I stood there a second longer than felt comfortable. Peter watched me, waiting.

“Uh-oh, and my daughter, Harmony. She’s at a friend’s. I should be back before she gets home.”

“Good to know.” His face wore a what else? expression.

“Guess I’ll be going.”

He nodded.

I glanced at my watch. He had hours before his shift started. I couldn’t order him to work. I glanced at my watch again. “You’re here early.”

He shrugged and slipped his lips into one of those smiles that made my hormones smile with him and told my brain to agree to whatever he said, whatever he wanted to do. “Still getting settled. I have some paperwork to go through, some new designs to add to the flash. And, honestly, I’ve got nowhere else to be.”

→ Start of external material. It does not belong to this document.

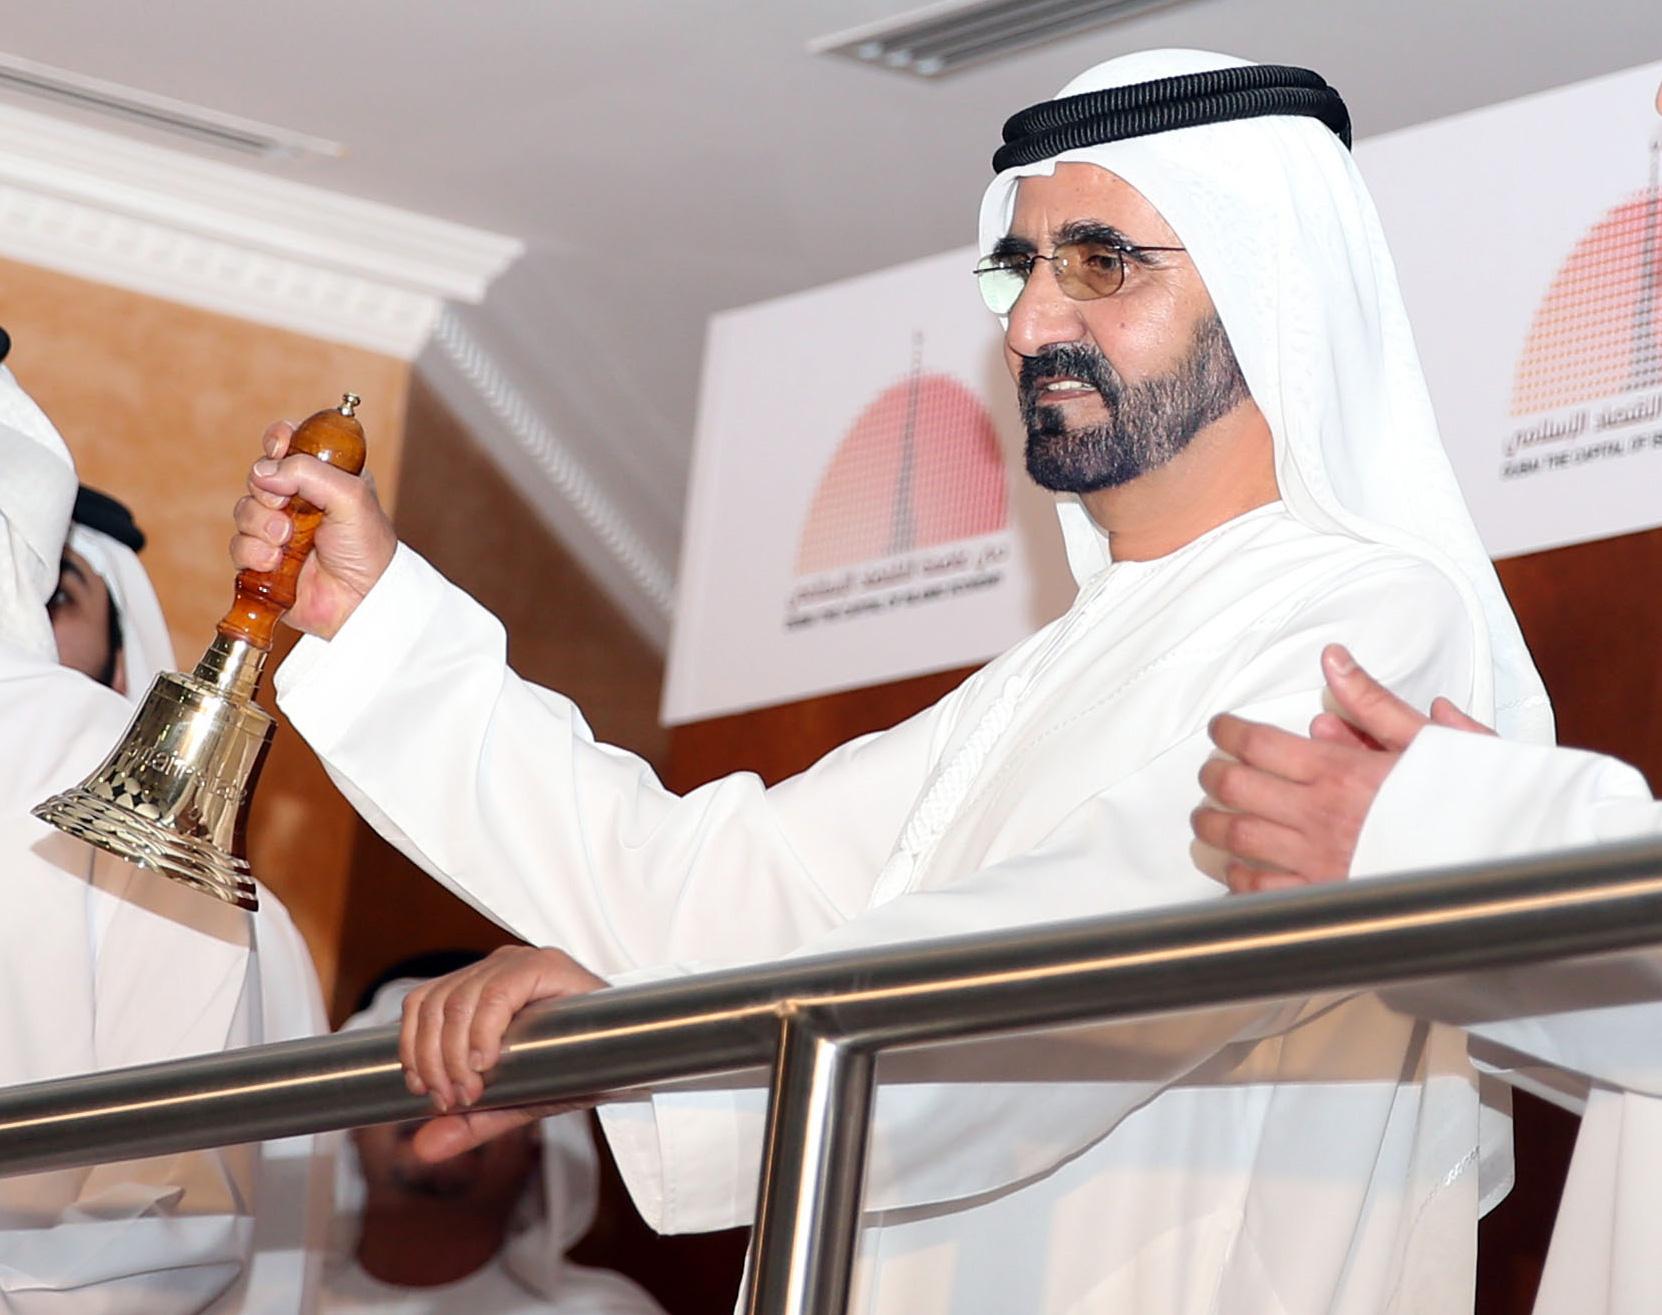 صاحب السمو الشيخ محمد بن راشد آل مكتوم - حديث محمد بن راشد على هامش إطلاق دبي مركزاً عالمياً للصكوك
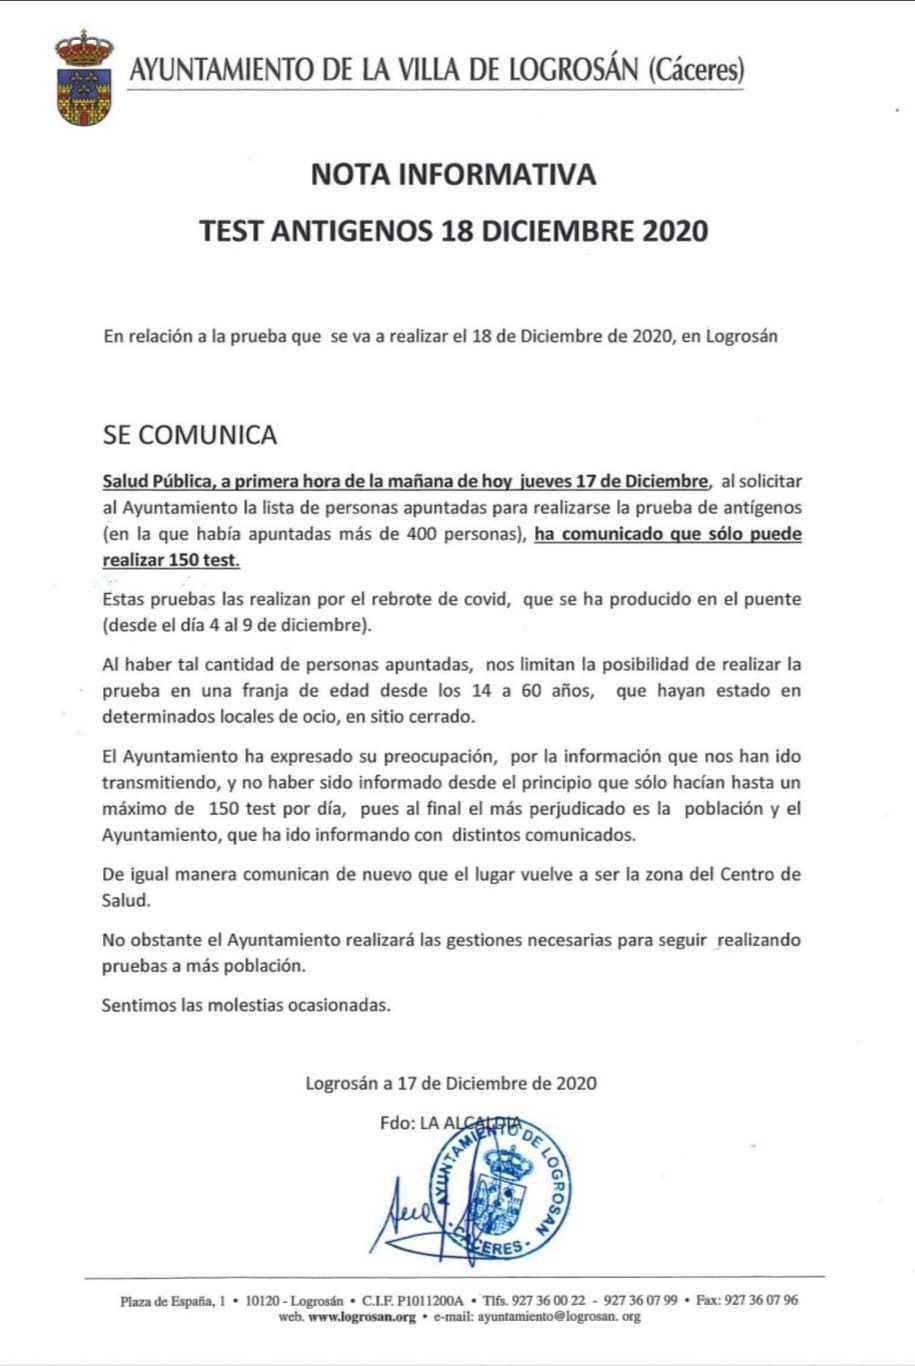 31 casos positivos activos de COVID-19 (diciembre 2020) - Logrosán (Cáceres) 2

“Oh, sure.” I searched for a reason to order him to the shop, away from the burnt circle of earth. The little gears that ran my brain were clacking so loudly I was surprised he didn’t ask about the noise. “I left a note on Mother’s door that she would be in charge. Maybe, since you’re here, you could go up and let her know she’s off the hook.” If Mother had made her way up from her workout and found my note, she’d probably done no more than wad it into a ball. If she hadn’t stopped working out, she wouldn’t welcome an intrusion from Peter. But really, was that my problem?

“Walk me up?” I nodded toward the hill and tried a smile of my own. The flirtatious move felt about as natural as breathing under water.

His hand drifted to the pocket where he’d stashed the spearhead, but he just shoved the fingers of both hands into his front pockets and started moving with me up the hill.

“Speaking of Harmony…”

I jumped, my mind far from my daughter at that point.

“If you’re looking for something for her to do after school, I might know something.”

“Why would you think-?”

“I noticed since your new tenants moved in that she’s not been around much-had a lot of ‘friend time.’ Then with-” He jerked his head back toward the charred spot we’d left behind. “If I’m wrong…”

“No.” Why deny it? “I rented the space to them and I’m locked in now, but after last night…I’m thinking it might be better if she wasn’t too influenced by them.”

Peter bent at the waist to help propel himself up the hill.

The roar of a lawn mower and the scent of cut grass drifted from one of my neighbor’s yards. A moment of normal in an insane world.

“My client, Makis, the man in the wheelchair?” Peter held out a hand to help me up the incline. I stared at it, not getting for a second what he was doing. Then realizing what he was offering, I shook my head and plowed ahead, moved ahead of him.

You can take the Amazon out of the tribe…

Peter’s long gait closed the small space I’d put between us. “He’s starting an after-school art program. He used to teach high school. I told you I’d known him awhile.”